Data excerpt>
-- Opening Marker --

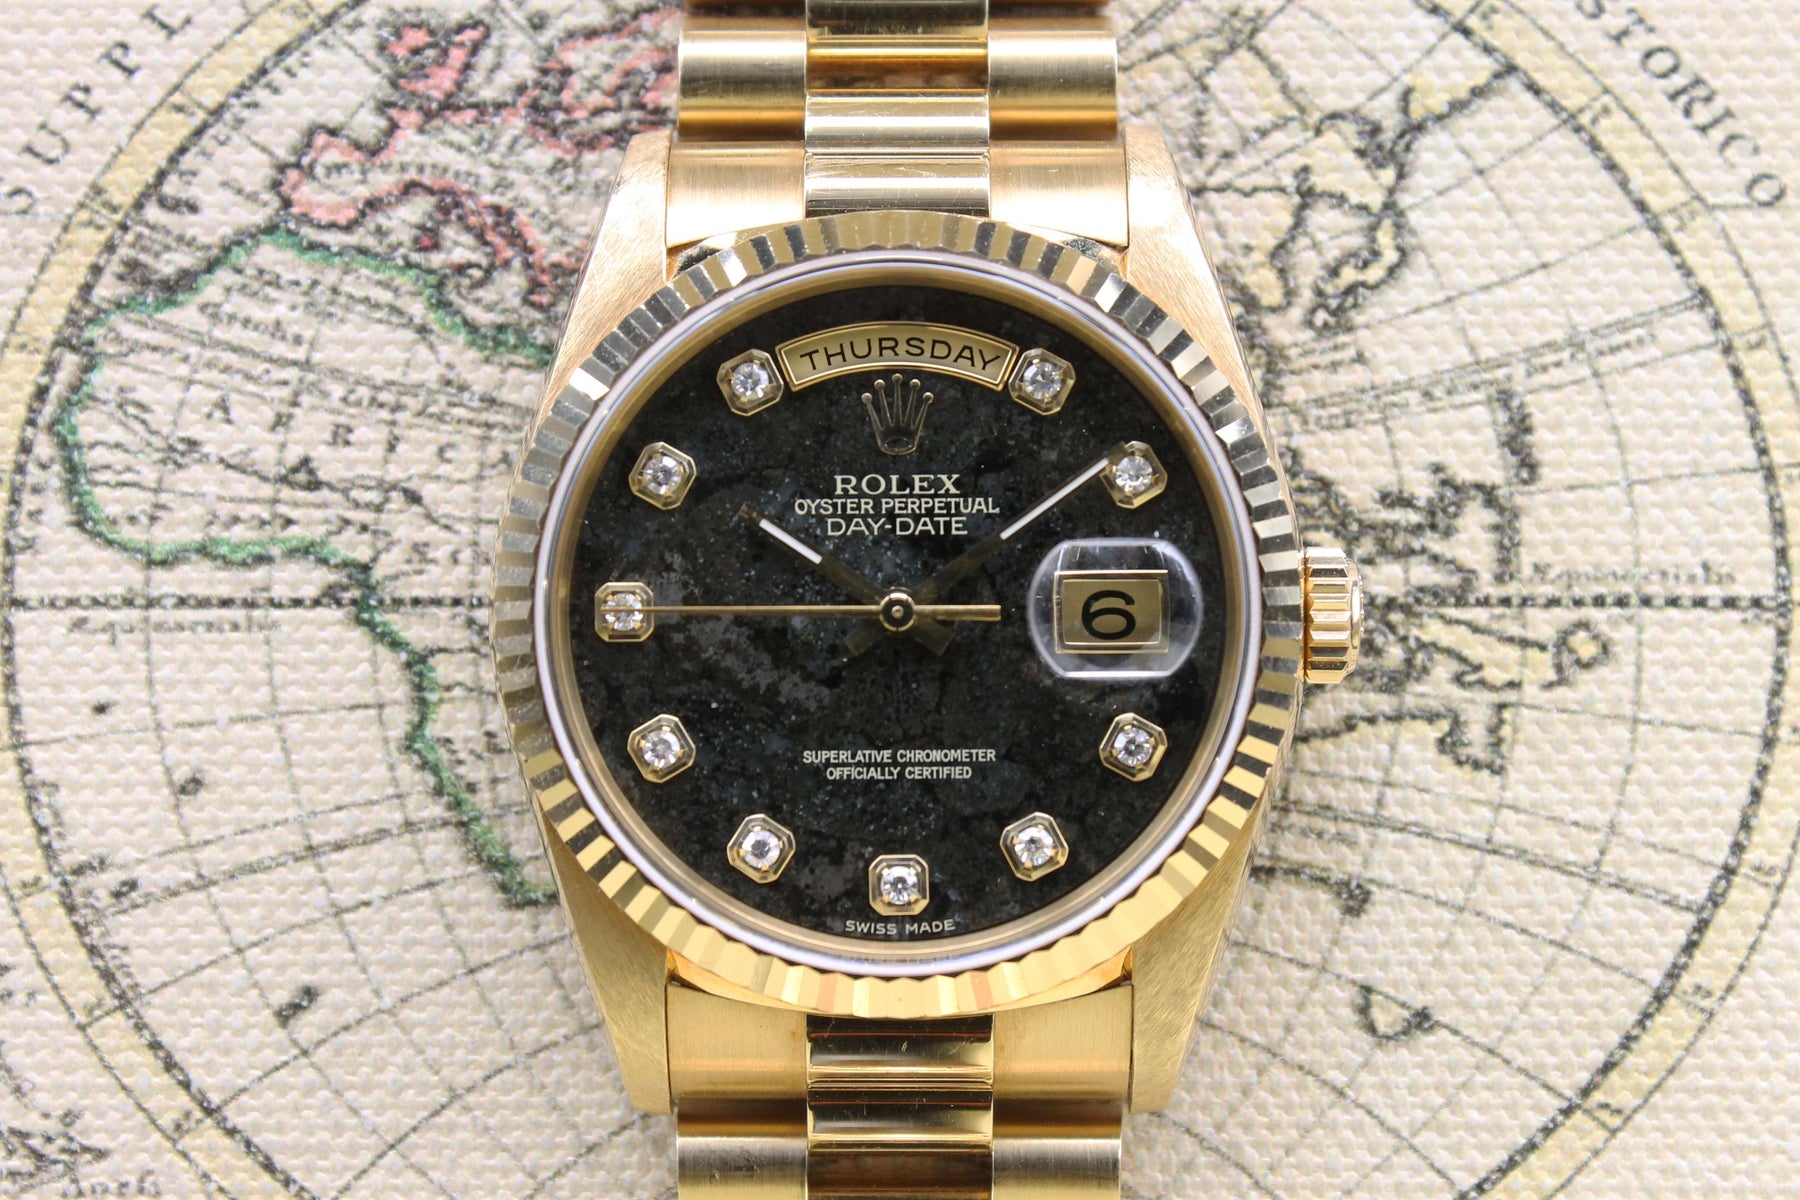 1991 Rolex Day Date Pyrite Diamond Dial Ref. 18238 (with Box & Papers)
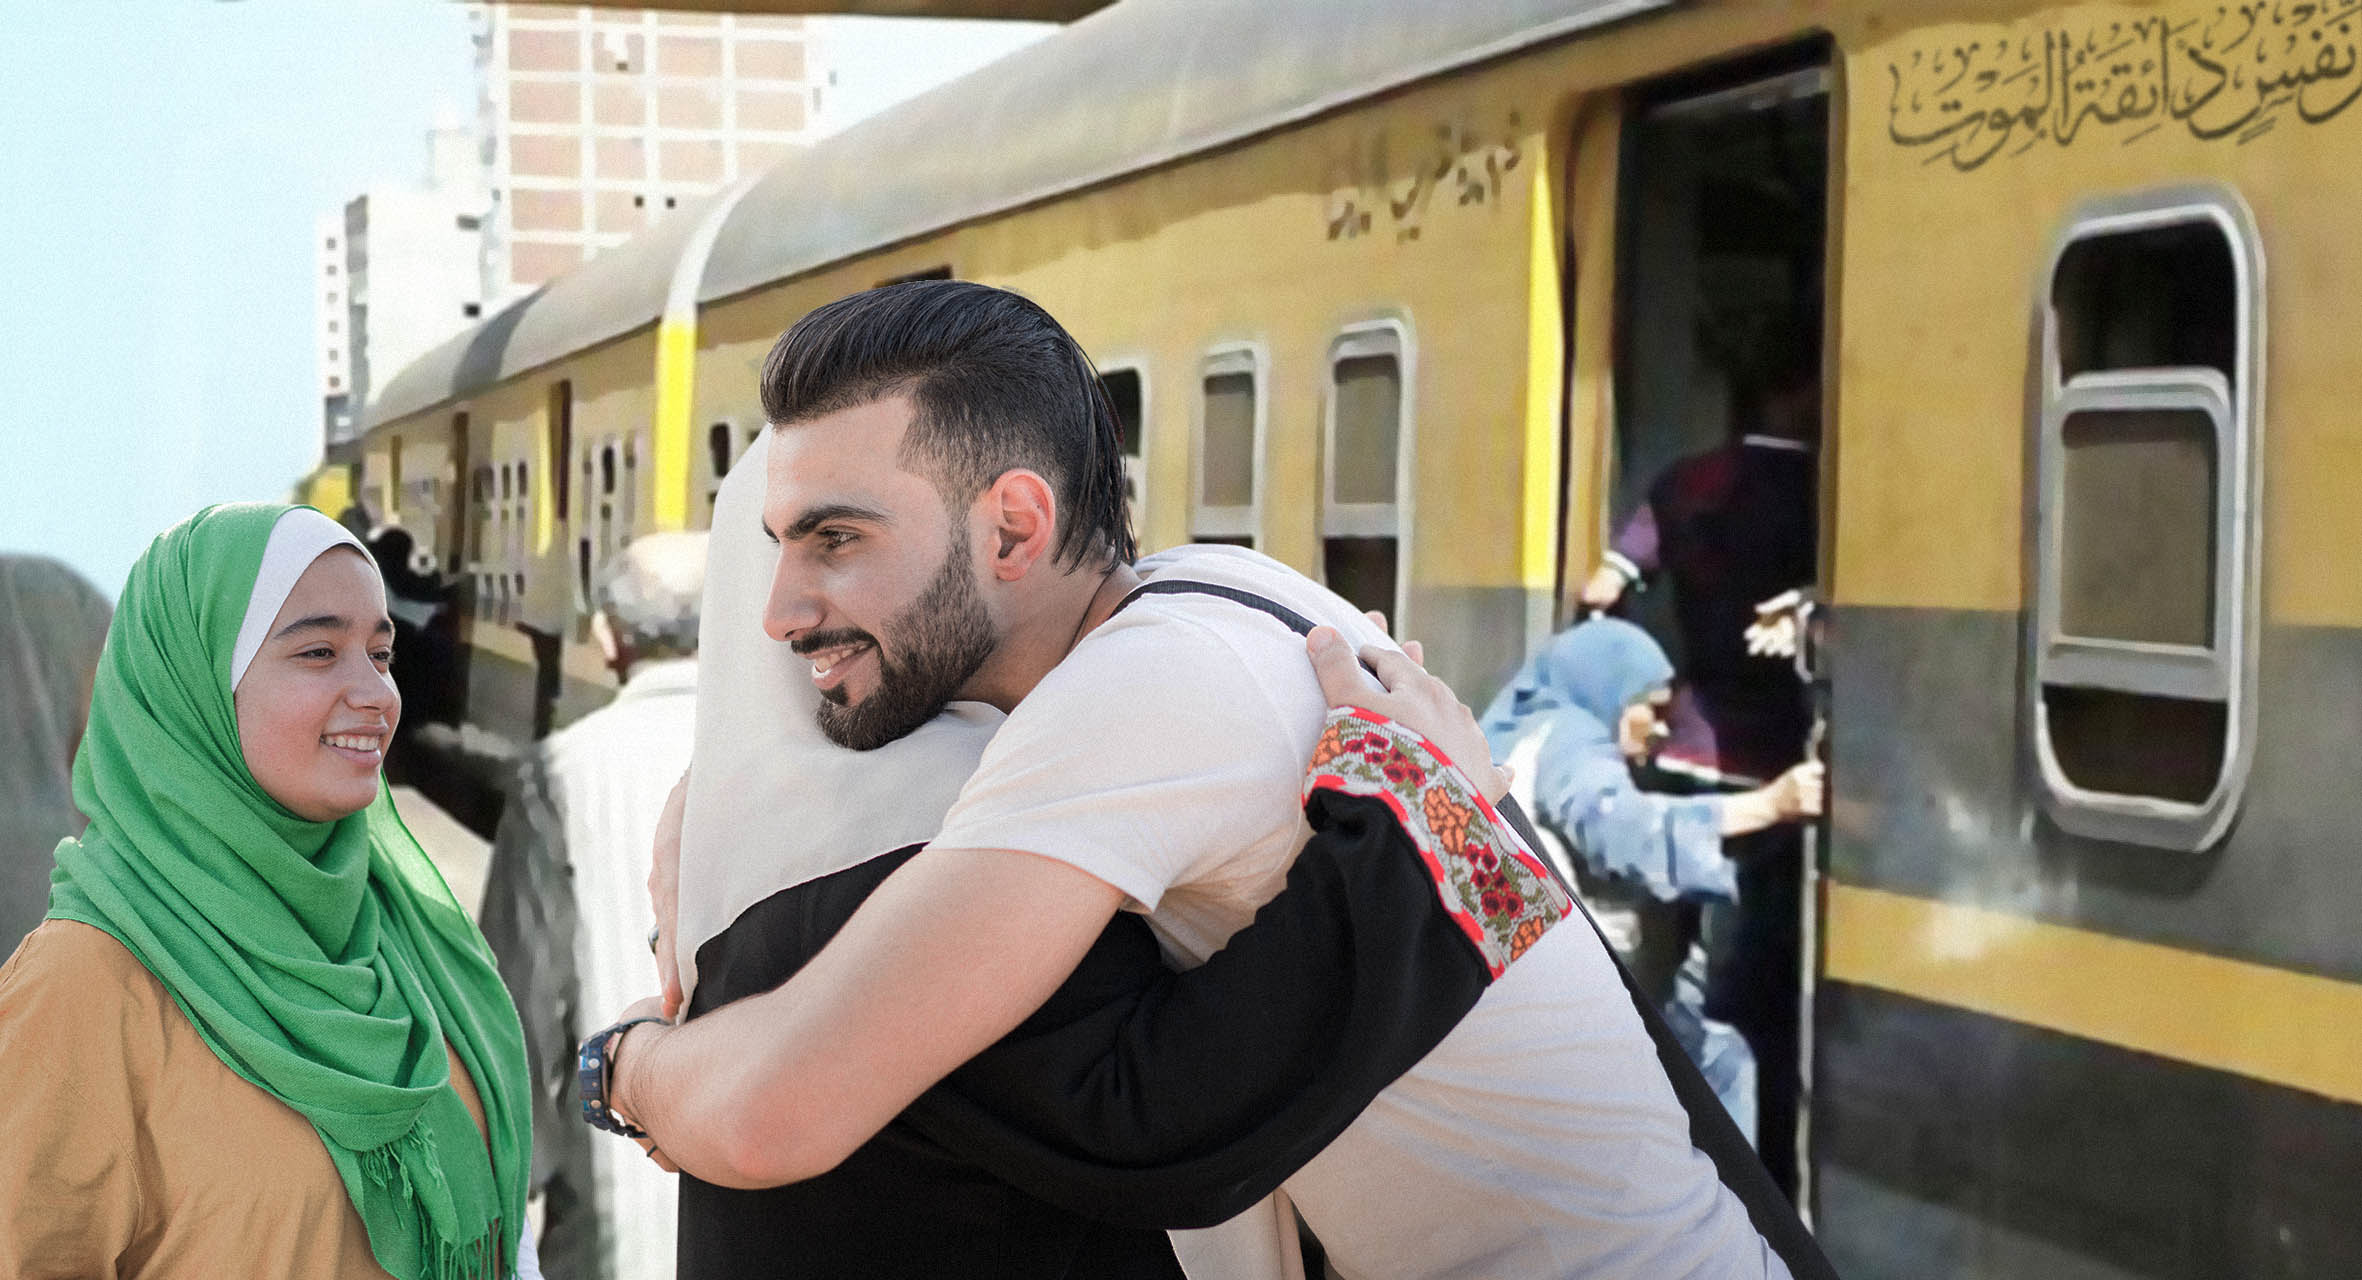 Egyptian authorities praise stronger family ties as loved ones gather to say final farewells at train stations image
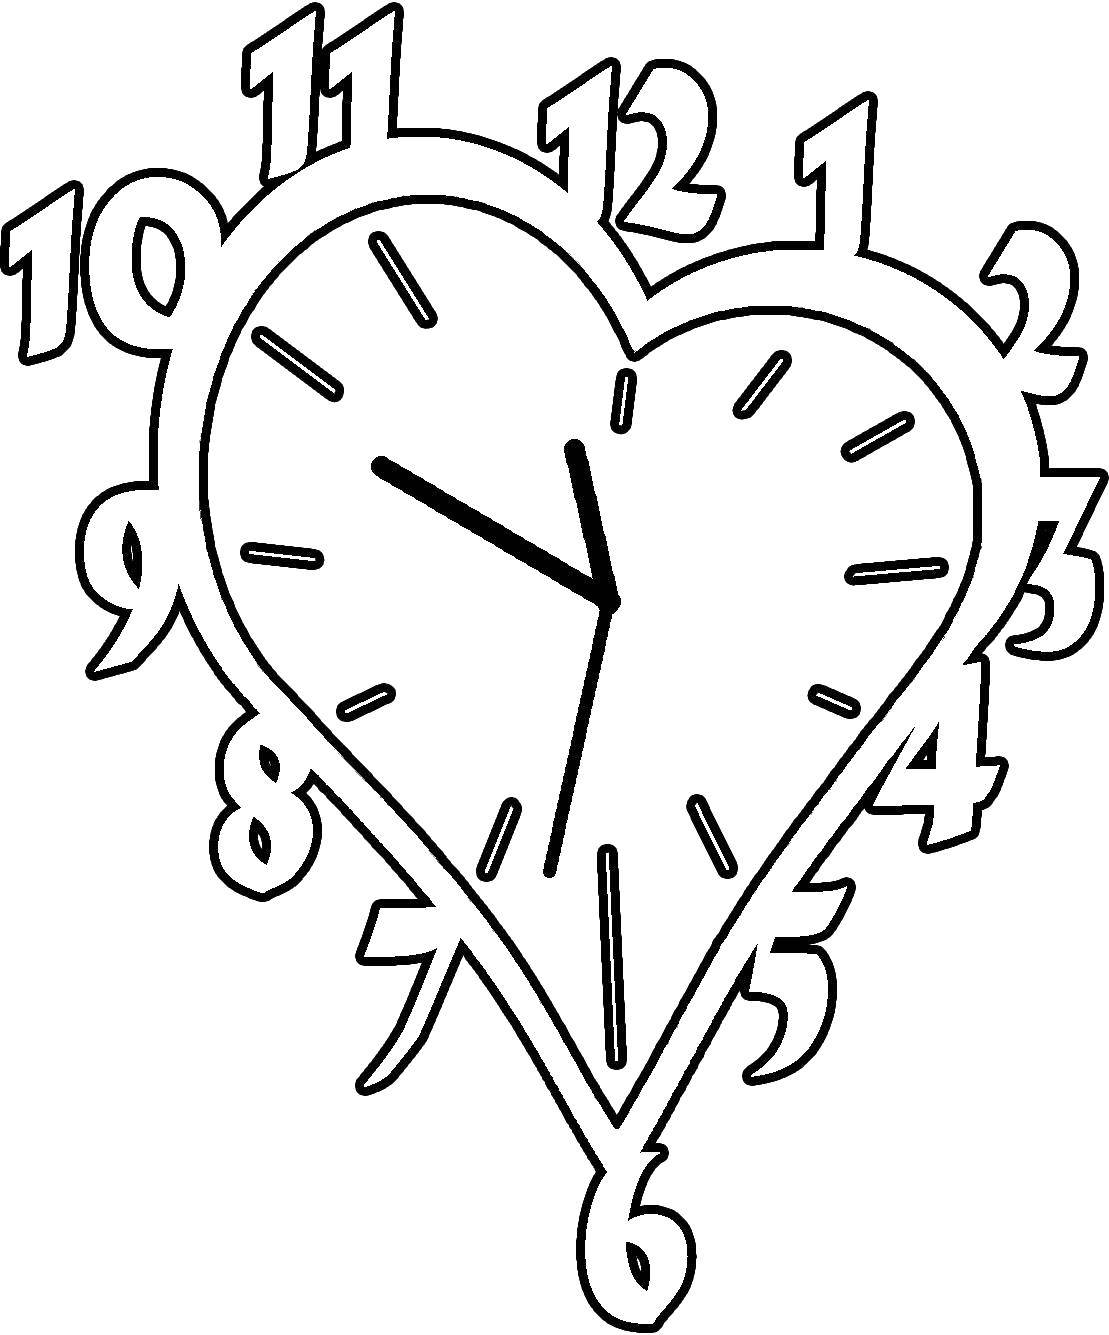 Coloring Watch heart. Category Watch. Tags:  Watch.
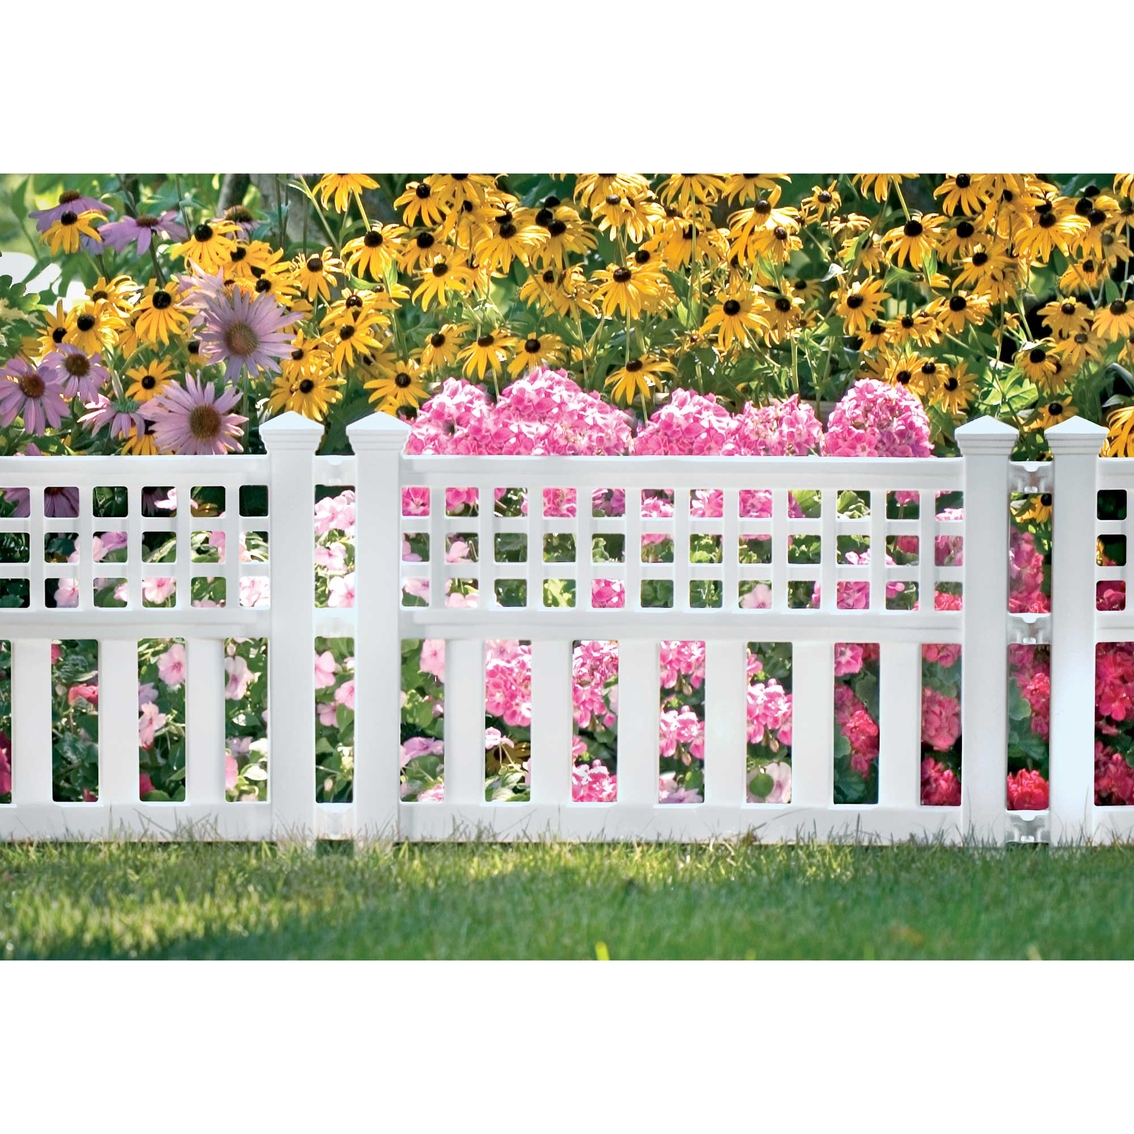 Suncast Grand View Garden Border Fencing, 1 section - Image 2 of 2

-- Closing Marker --

What the task requires>
Reproduce the listing word for word, but keep the pictures out of it.

Response>
 1991 Rolex Day Date Pyrite Diamond Dial Ref. 18238 (with Box & Papers)
 Egyptian authorities praise stronger family ties as loved ones gather to say final farewells at train stations image
 Coloring Watch heart. Category Watch. Tags:  Watch.
 Suncast Grand View Garden Border Fencing, 1 section - Image 2 of 2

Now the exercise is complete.